Q&A with Vivek Warrier
Vivek Warrier moderated the panel on Gas and LNG in North America at the Oil & Gas Council's recent North American Assembly in Houston. Panel members were:
- Eric Dyer - CFO, Tamboran Resources
- Greg Vesey - Chief Executive Officer & Managing Director, LNG Limited
- James Wyper - Managing Director, Stonepeak Infrastructure Partners
- Carlos Wheelock - Head of LNG – Americas, Vitol
What was a main take-away from the Gas and LNG panel?
Vivek Warrier moderating the panel on
Vivek Warrier (VW): One of the key take-aways is the extent to which environmental, social and governance (ESG) concerns are driving growth in the LNG space. As energy demand grows in Asia, various governments have reflexively turned to emissions intense coal fired generation to meet incremental demand.
Natural gas has less than half the emissions intensity of coal. Natural gas can displace coal in Asia and reconcile the need to reduce emissions with increased power demand. Recognition of this fact is driving LNG export growth in North America and intensifying demand for LNG in Asian markets. In Europe, countries that have not already done so are also aggressively planning to phase out coal.
The United States is the top producer of natural gas in the world and Canada is fourth. What's needed to keep North American LNG exports growing?
VW: Both the United States and Canada possess massive reserves of natural gas that well exceed several lifetimes of domestic demand. It is commercially intuitive that excess resource should be exported to meet demand, and help reduce emissions, elsewhere.
What's needed is investment in regasification and distribution infrastructure in Asian and European markets. Gas-to-power projects can be expensive and challenging. While countries like China and India have the resources to undertake such large scale LNG developments, smaller markets in Asia may not. According to our panellists, the solution may be more integration along the value chain, with LNG exporters providing some assistance in underwriting downstream regasification facilities.
What are new trends in structuring and financing in the LNG sector?
VW: At the most basic level, an LNG export facility and all the related facilities along the value chain are essentially a long-life infrastructure play. Our panellists noted that this base structure can give rise to diverse economic models. In the United States we have seen the emergence and demonstrable success of tolling models where the facility owner charges a fee to liquefy and sell LNG, without having any ownership or involvement in the underlying resource. In other countries we are seeing ever greater horizontal integration with producers, LNG exporters and off-takers equalizing ownership across the entire LNG chain, creating more alignment between partners. The advance of floating LNG technology is enabling developments on a smaller scale.
The price of natural gas, and the fact that LNG export facilities take years to build, continue to be critical considerations. Market demand doesn’t necessarily coincide with pricing fluctuations. That’s one of the reasons more long term partnerships in the sector are anticipated.
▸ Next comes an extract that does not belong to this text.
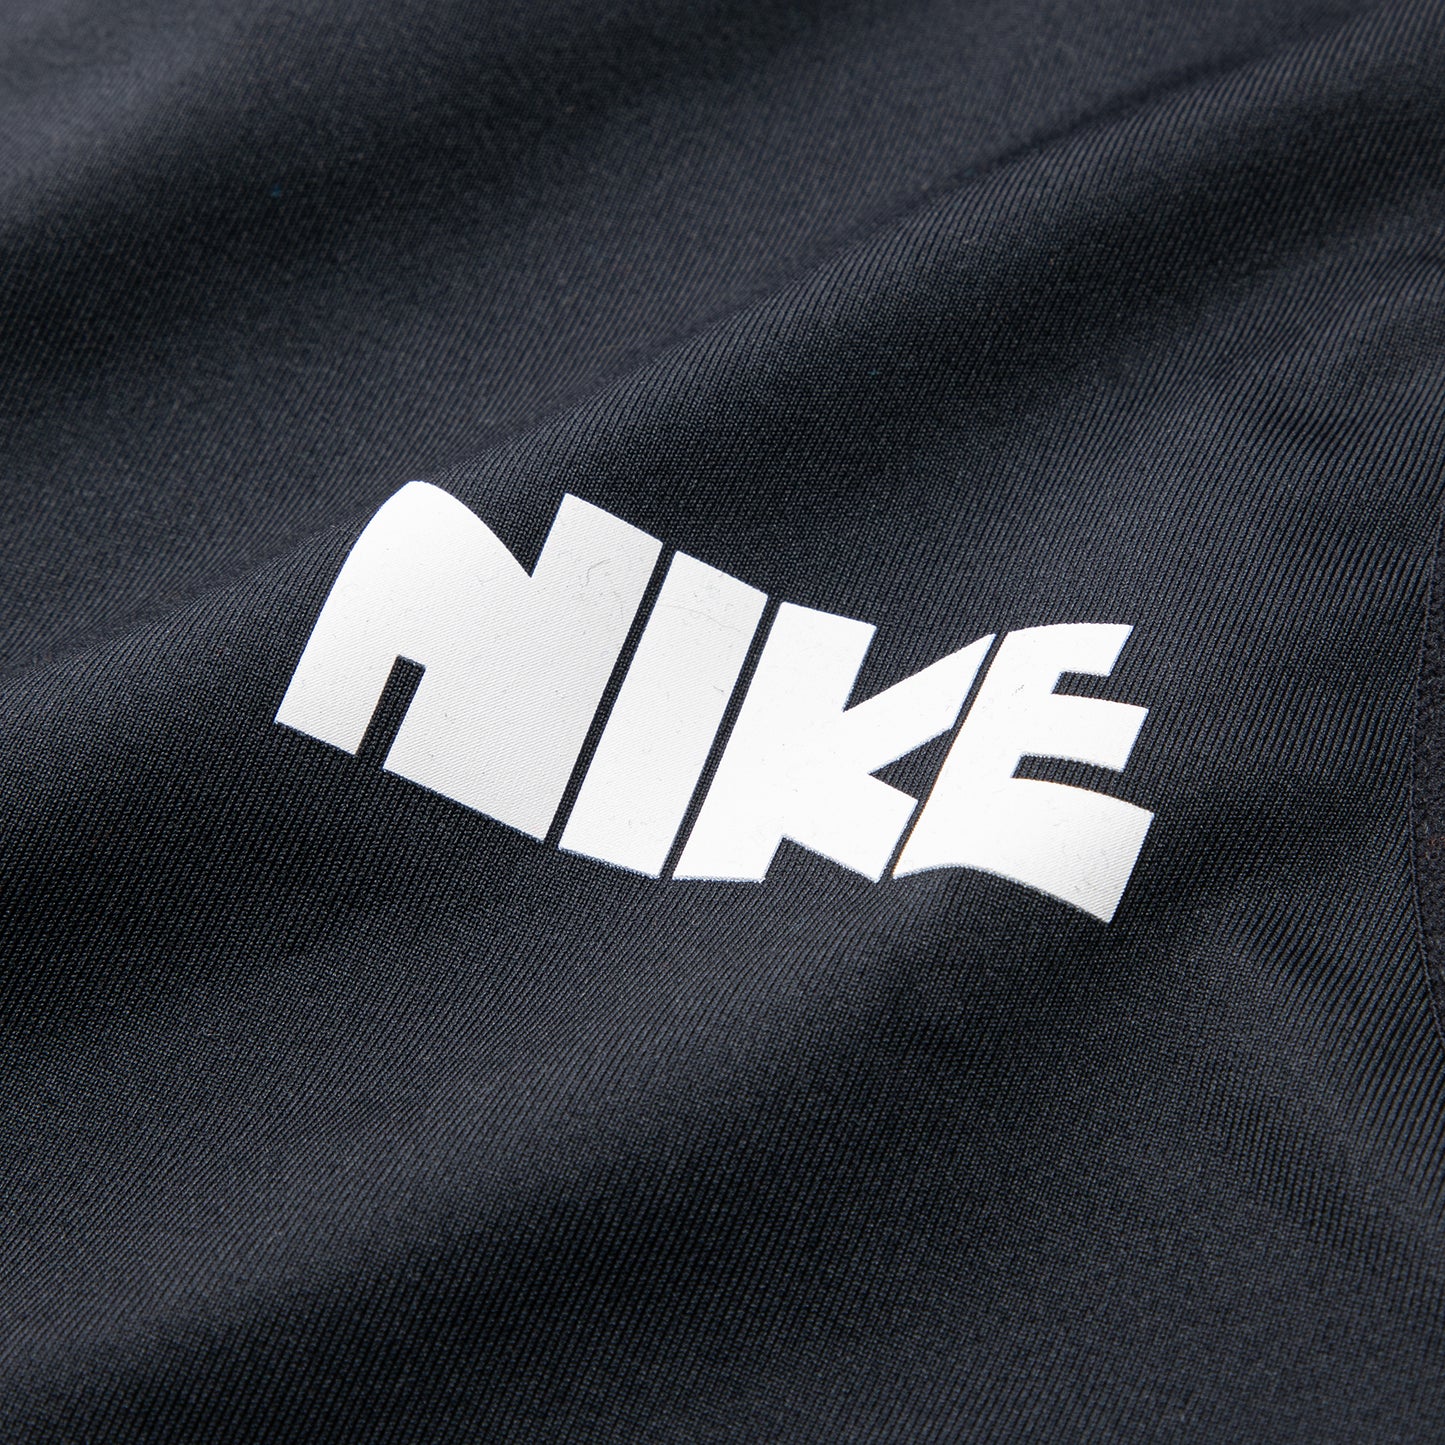 Nike x Sacai Crop Top (Black)
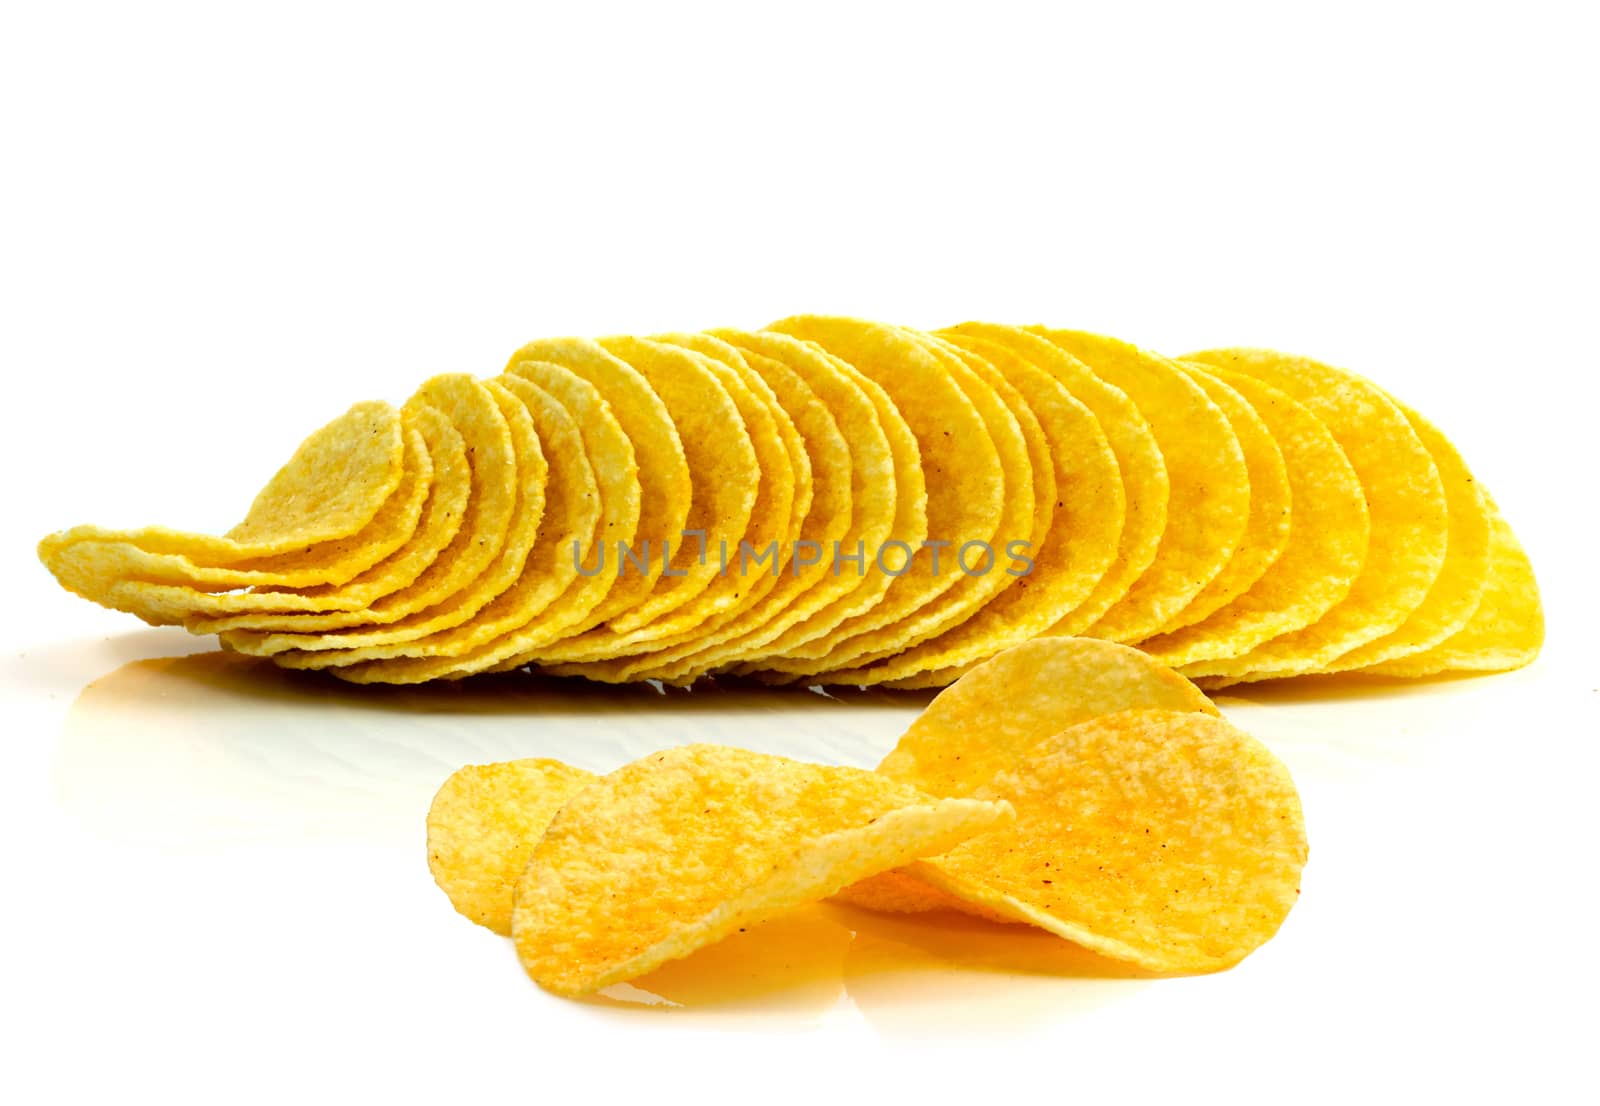 Potato Chips on a white background by sompongtom

What is the view from the United States on the Canadian LNG industry?
VW: The panel agreed that Canada needs to get comfortable with building pipelines again. We know from a Canadian perspective there is broad support for gas pipelines and the need to develop a domestic LNG industry. Both the federal and BC provincial governments are steadfastly in support of the $40 billion LNG Canada plant in Kitimat, and there is increased interest from around the world in the value proposition of Canadian LNG. Shorter shipping distances and our reputational advantage of having a rigorous regulatory system attuned to climate concerns are clear advantages. There was agreement that Canada should also look to our East coast to potentially serve European markets.
The panellists also were universally of the view that Canada needs to do a better job of telling the compelling ESG story around the Canadian natural gas industry . . . and tell it well. Displacing coal in Asia with Canadian LNG has a strong appeal, but the window of opportunity has its limits.
What's the state of the LNG industry in the United States and where are the opportunities?
VW: The opportunities in the United States are huge. Just last week, four new LNG export projects were approved by the Federal Energy Regulatory Commission, adding to seven others that were approved earlier this year.
Supply-wise, the United States set new records in natural gas production, consumption, and exports in 2018. It's remarkable that in 2014, LNG accounted for just 1% of total U.S. natural gas exports. In 2018, it's 30%.
Investors and companies are being more strategic. LNG producers are looking for new sources of customer demand. Fluctuating natural gas prices are a concern, as is the difficulty in forecasting the market on a long term basis. Commercial viability and environmental pressures will continue to affect demand growth.
350 C-level business leaders from 320 organizations attended the North American Assembly in Houston. How did you enjoy moderating the Gas and LNG panel?
VW: I would like to thank the Oil and Gas Council for once again organizing a first class executive calibre event. I would also like to express my gratitude and appreciation to the members of our LNG panel. Each of these individuals have an extraordinary depth of knowledge regarding the LNG industry derived from multifaceted engagement with the sector. The panel delivered sophisticated insights on every aspect of the LNG value chain, from project development, feedstock and offtake dynamics across the globe, global pricing trends and geo-political and climate related challenges.